The NIPI can be calculated as follows:
$${P}_{n}=\sqrt{{({P}_{iave}}^{2}+{{P}_{imax}}^{2})/2}$$
14
where Pn is the Nemerow composite \({P}_{i}\) value and Pi can be calculated via the same procedure as that expressed in Eq. (13). \({P}_{iave}\) and\({P}_{imax}\) are the mean and maximum values of Pi, respectively.
NIRI not only refers to the algorithm principle of the NIPI and RI but also captures the most important feature of introducing the degree of the toxicity of the different heavy metal factors, thus preventing extreme evaluation results due to the quantity of heavy metals. The NIRI can be expressed as follows:
$${E}_{i}={T}_{i}\bullet {C}_{i}/{S}_{i}$$
15
$$NIRI=\sqrt{{(E}_{imax}^{2}+{E}_{iaverage}^{2})/2}$$
16
where \({E}_{i}\) is the potential ecological risk factor for heavy metal i, and \({T}_{i}\), in this study, were chosen as 30, 2, 5, 5, and 1, respectively (Fang et al., 2019) for the toxicity of Cd, Cr, Cu, Pb and Zn; \({C}_{i}\) is the same as Eq. (13), and \({S}_{i}\) is heavy metal reference level. \({E}_{imax}\)and \({E}_{iaverage}\)are the maximum and average values of\({E}_{i}\), respectively.

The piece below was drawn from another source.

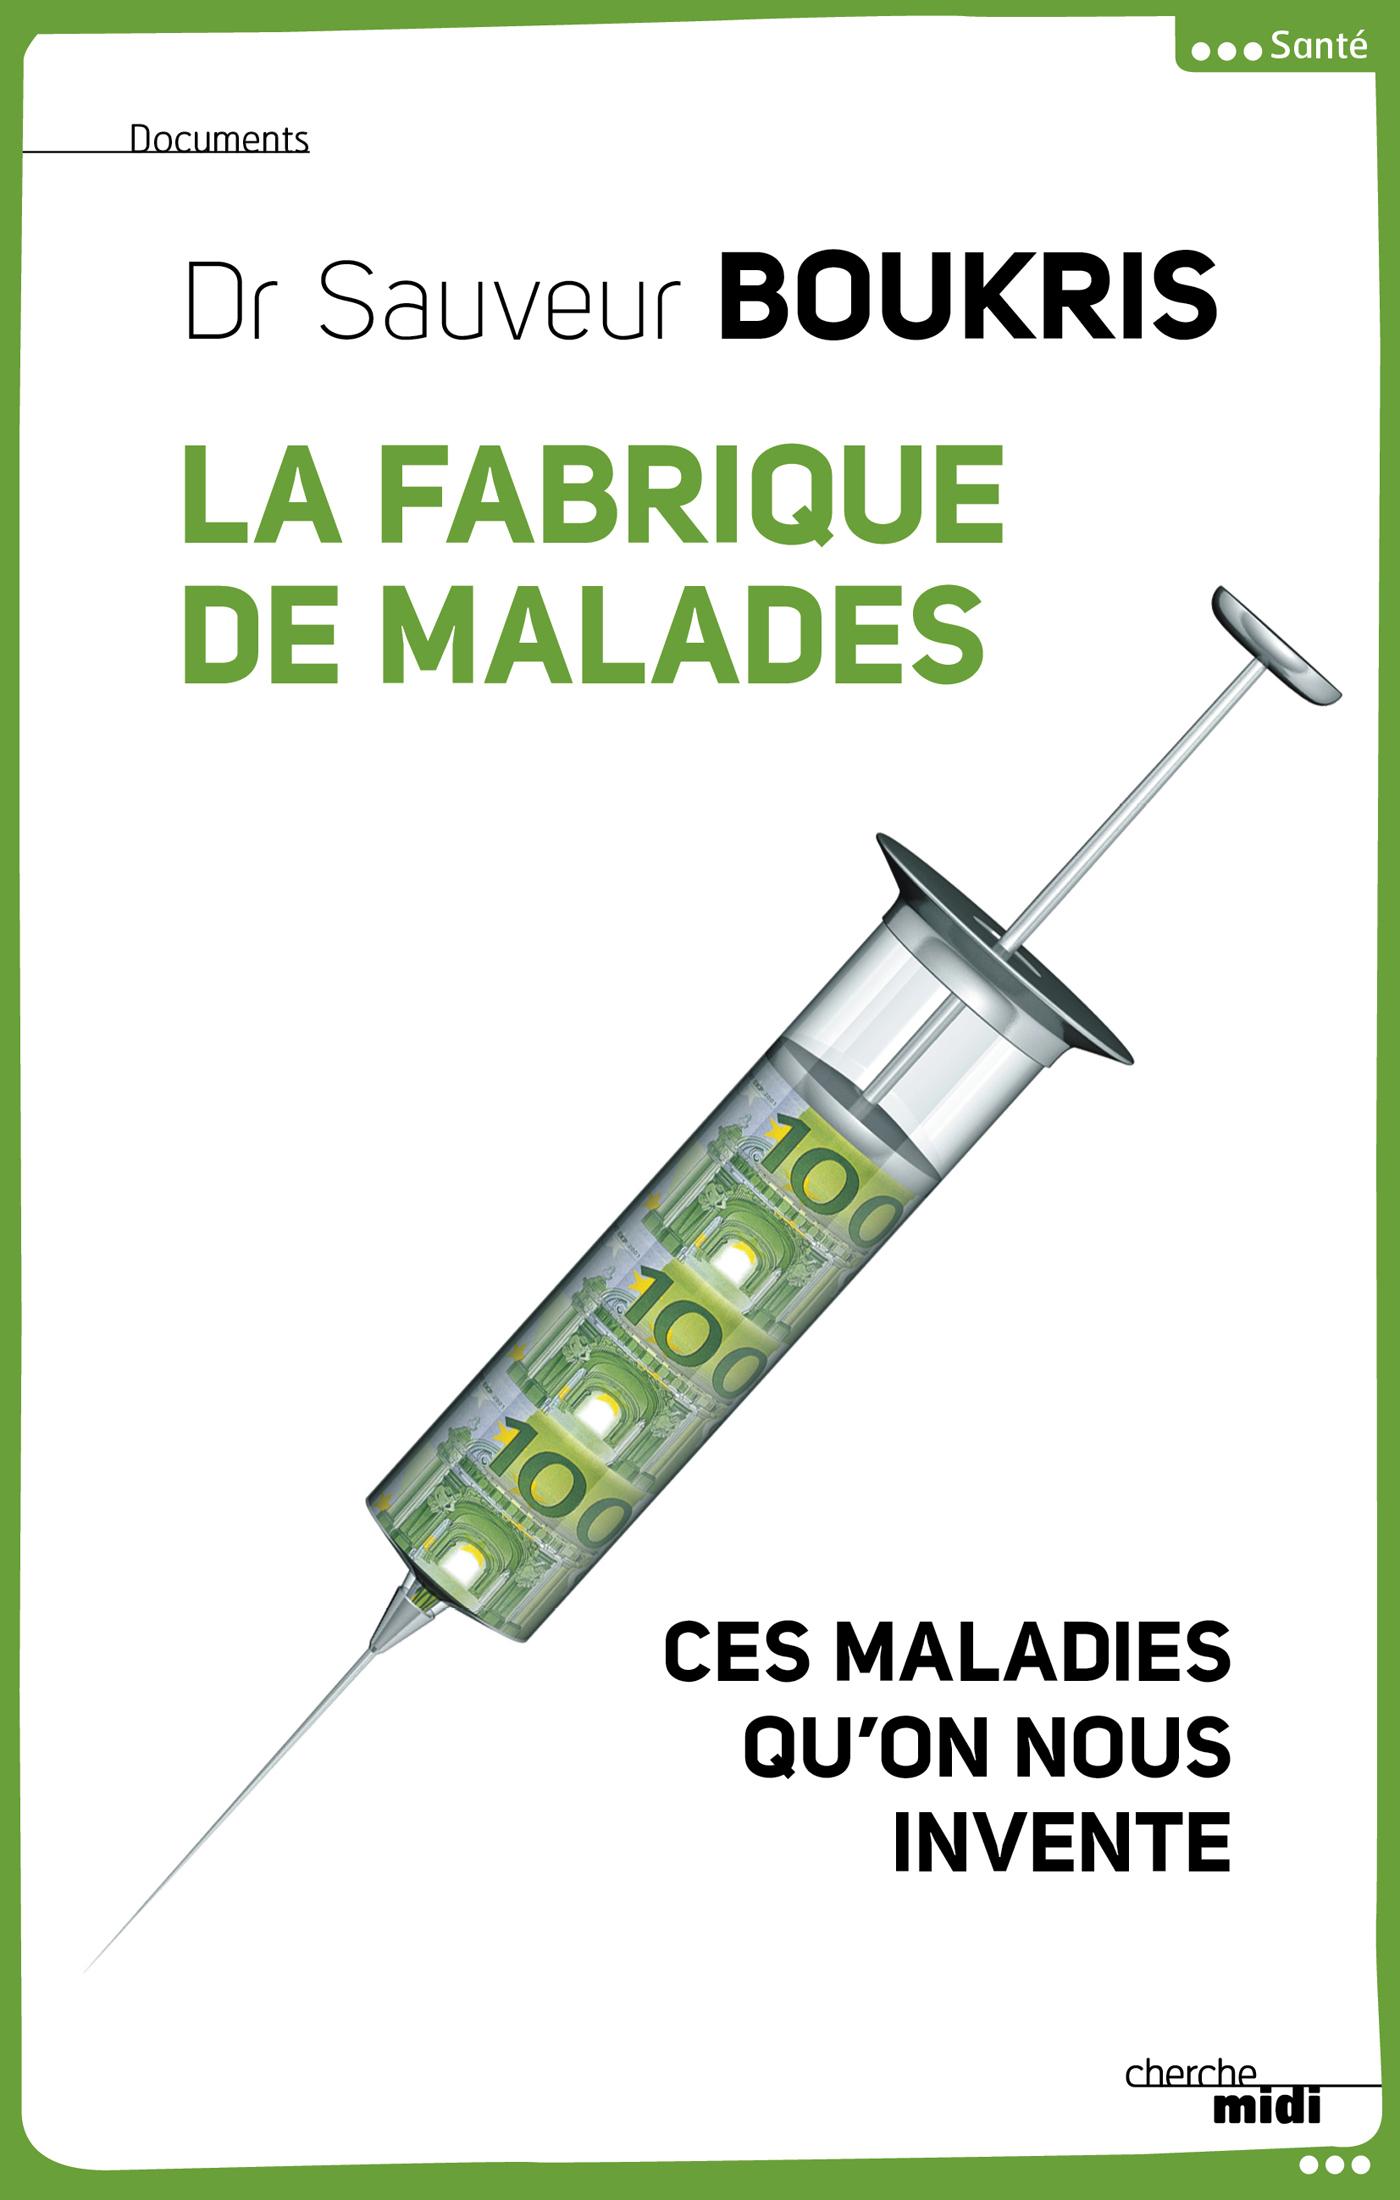 La Fabrique de malades (ebook)

The level of PLI, Pi and NIRI are shown in Table A2.
To compare the contributions of the different heavy metals to the above two risk evaluation models, the following equation could be used for calculation.
$${W}_{{P}_{i}}={P}_{i}/n{P}_{iave}$$
17
$${W}_{{E}_{i}}={E}_{i}/n{E}_{iaverage}$$
18
where \({W}_{{P}_{i}}\) and \({W}_{{E}_{i}}\)are the contribution rates associated with the NIPI and NIRI, respectively, of heavy metal i, and n is the number of heavy metal factors.